‘Art a satyagraha against simplification, totalisation’: Ashok Vajpeyi

Noted poet was panelist in KBF-Kerala Tourism seminar, inaugurated by President of India, that emphasised promotion of the sustainability of the arts and the preservation of cultural pluralities

Kochi, March 04: Asserting the role of the arts as an integral cultural indicator, renowned poets Ashok Vajpeyi and K. Satchidanandan and Kochi Biennale Foundation Secretary (KBF) Riyas Komu mooted avenues for art and cultural organisations to act against political apathy at a seminar held here on Thursday.


The two-hour discussion, titled ‘Importance of Sustainable Culture-building’, was inaugurated by the Honourable President of India Shri Pranab Mukherjee at the Pavilion in Cabral Yard, Fort Kochi, during his maiden visit to the Koch-Muziris Biennale.

Moderated by noted academician Prof. M.V. Narayanan, discourse at the seminar – organised by the KBF in collaboration with the Department of Tourism – mainly revolved around the role of the state in building sustainable art practices and encouraging and preserving both ‘local’ production and pluralities in art and culture.


“The Indian state is moving away from arts in a big way. Indian politics and Indian culture have been undeclared adversaries for years. Unless it is for ceremonial purposes, the politics in India does not care about culture. Art must be an unending ‘satyagraha’ against simplification, totalisation and vulgarisation,” Vajpeyi said.


Holding up the Biennale as an example of a proactive art initiative, the National award-winning litterateur observed that art institutions should take the issue up as a civic responsibility as the state is going further away from the arts. “The Biennale, over three editions, has shown that the effort of three or four individuals can revitalise art institutions,” he said. 

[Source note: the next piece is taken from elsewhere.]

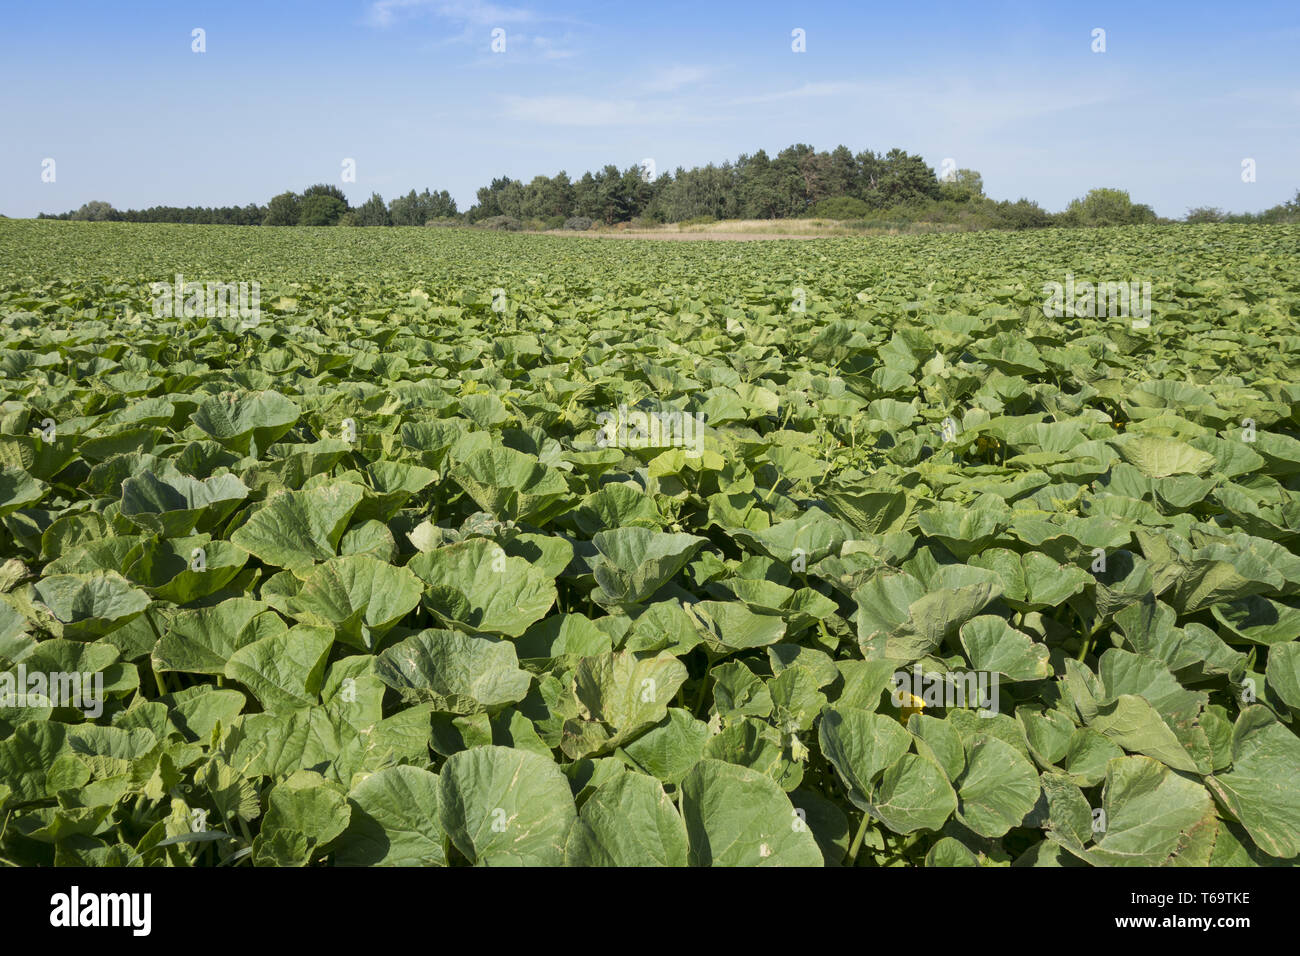 Pumpkins in a field Stock Photo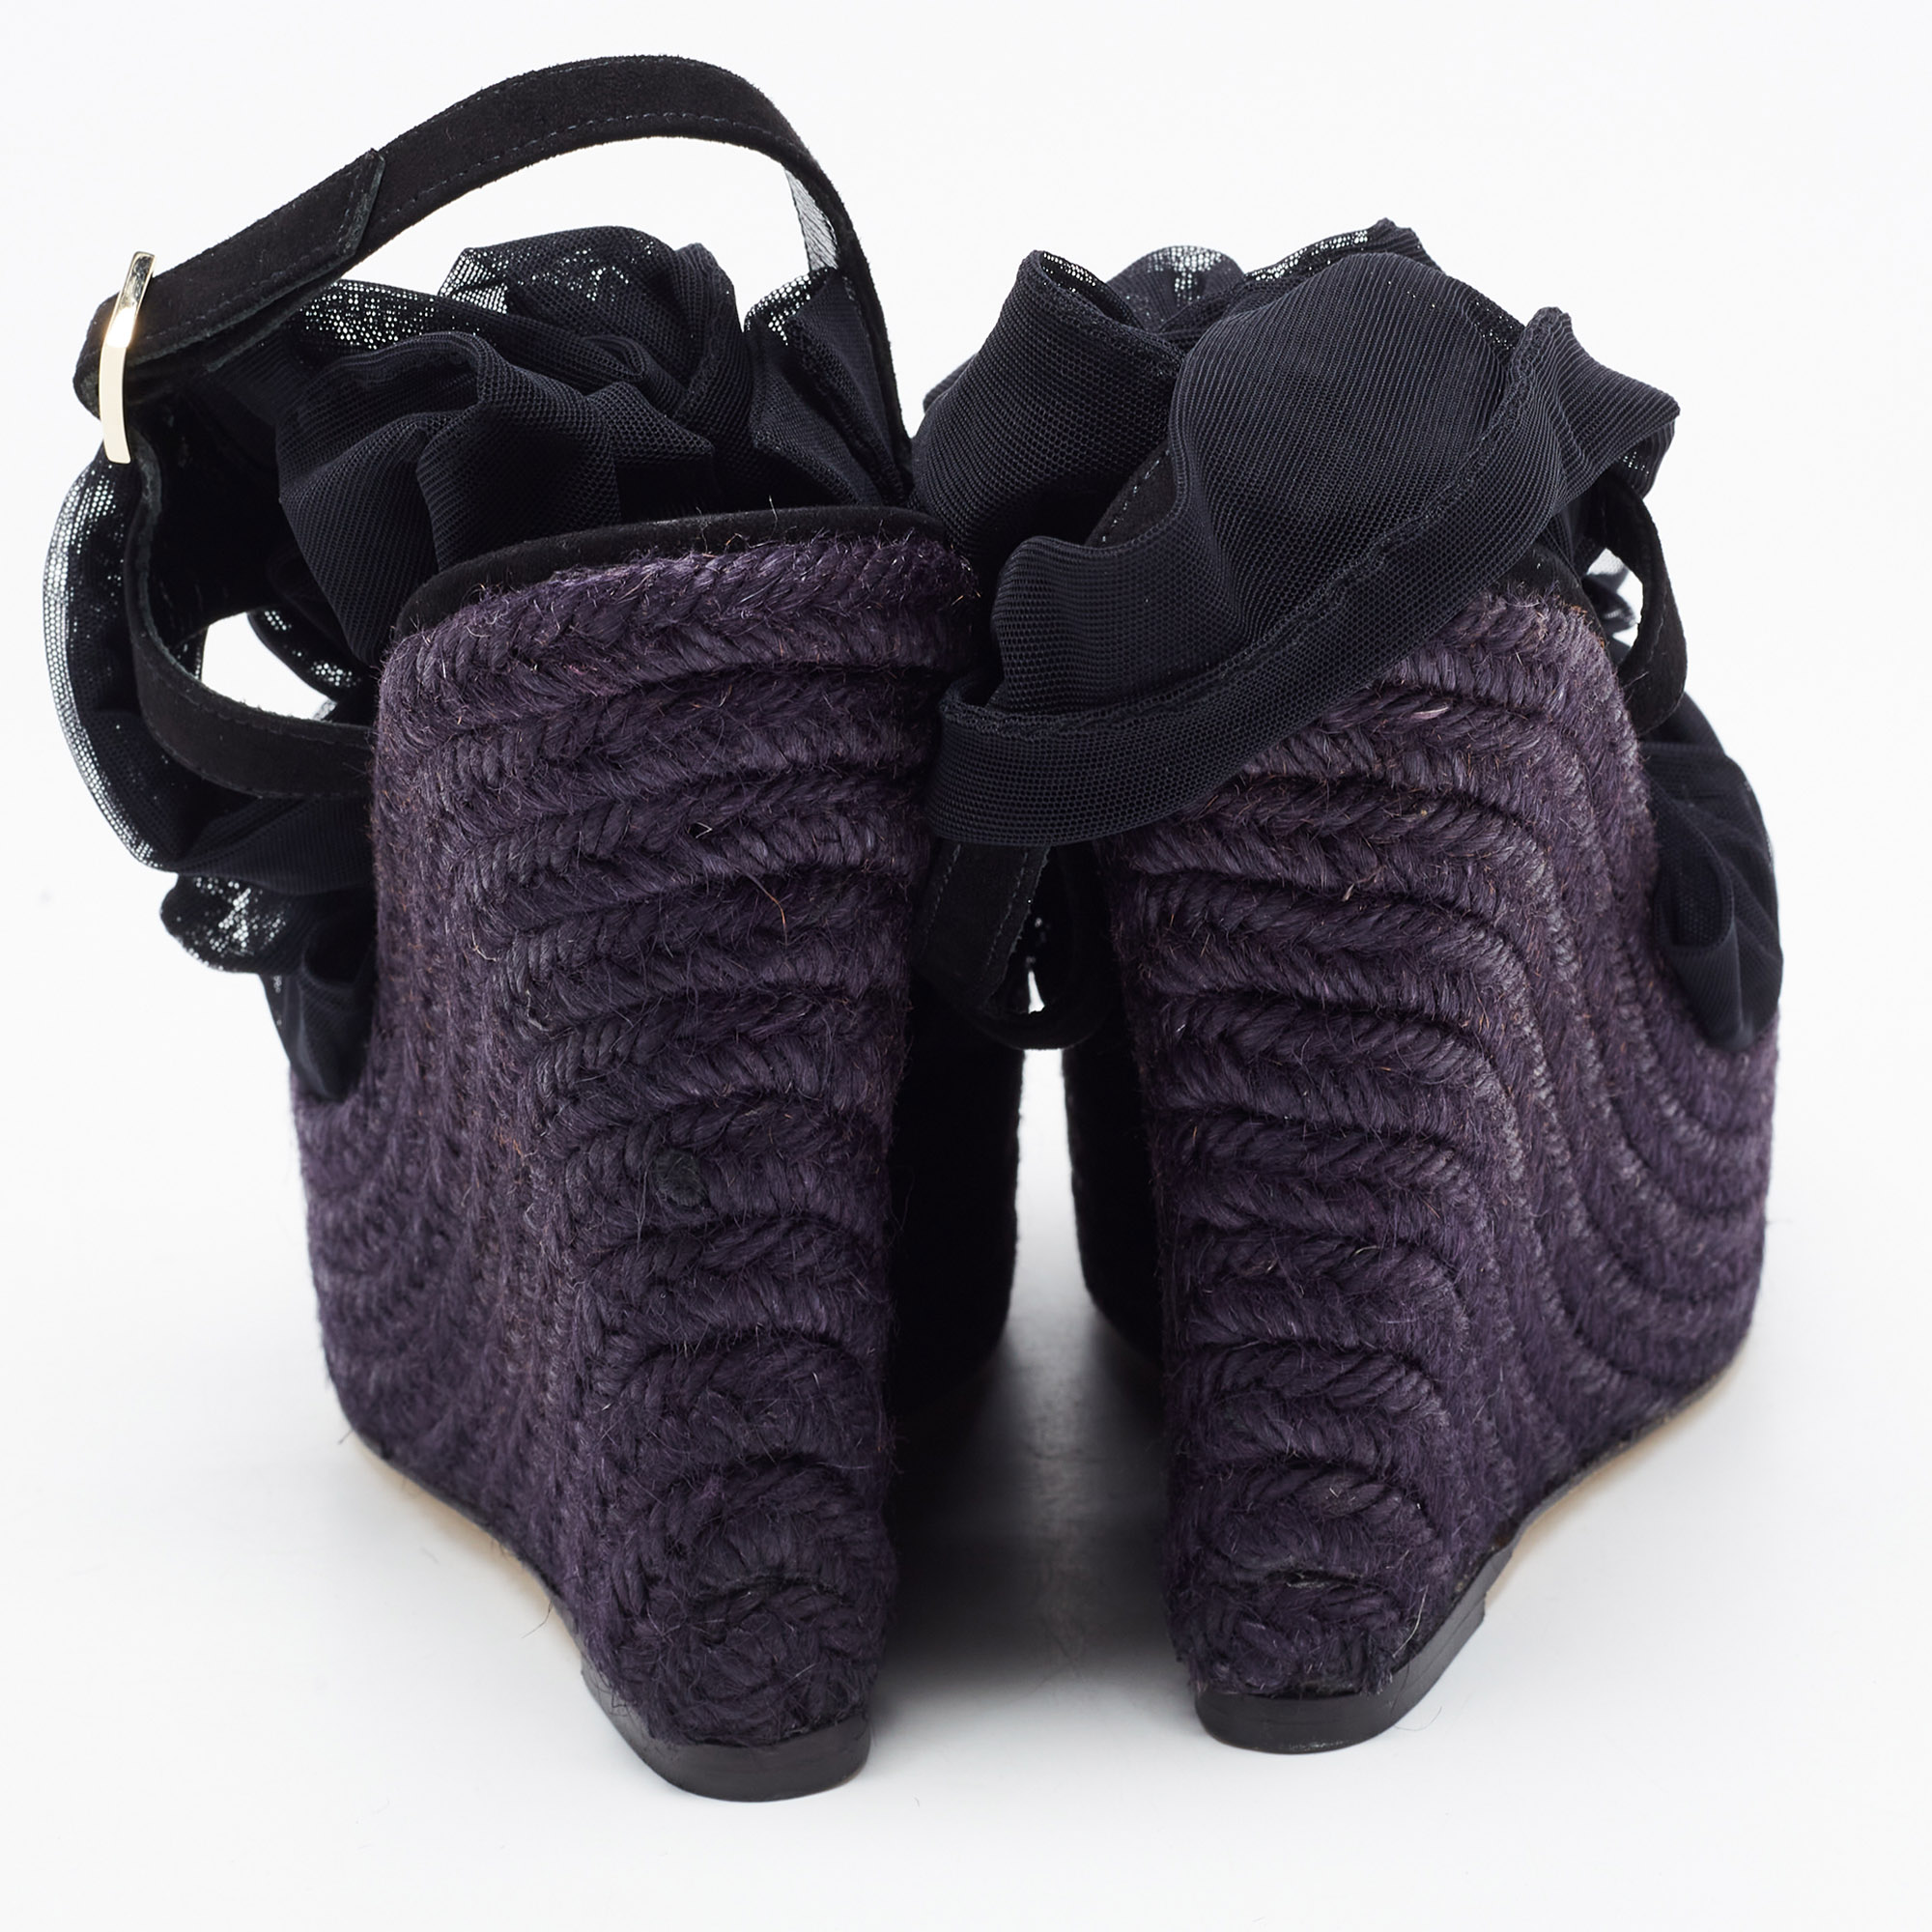 Fendi Black Mesh Fabric And Suede Wedge Platform Espadrille Ankle Strap Sandals Size 36.5

Satchidanandan recalled incidents of intolerance against freedom of expression around the country, linking this to the diminishing spaces for arts and culture in India. “All art is essentially oppositional as it works against hegemonic ideologies and status quo structures and should be an instrument of self awareness for a community,” said the Kerala Sahitya Akademi award winner, who noted that many universities are shutting down arts and culture departments – to replace them with more profitable ones.


“The primary goal of our higher education system is to produce technocrats rather than creative and cultured human beings,” said Satchidanandan, who observed that most art schools in India are showing signs of decline and decay due to the current political climate.


“The wrong priorities of unimaginative and indifferent leaders are withering the institutions of arts and culture. It is high time that the motto of ‘economics in command’ to be substituted with ‘culture in command’,” he added.

While current global structures are pushing for a certain kind of uniformity, Komu said, the onus must be on preserving the plurality of culture and the local art practices of every region.

“The ideas of culture remain permanently in plurality. Any notion of development that ignores sidelines or nullifies diversity of culture can be a self defeating move in the future,” he said.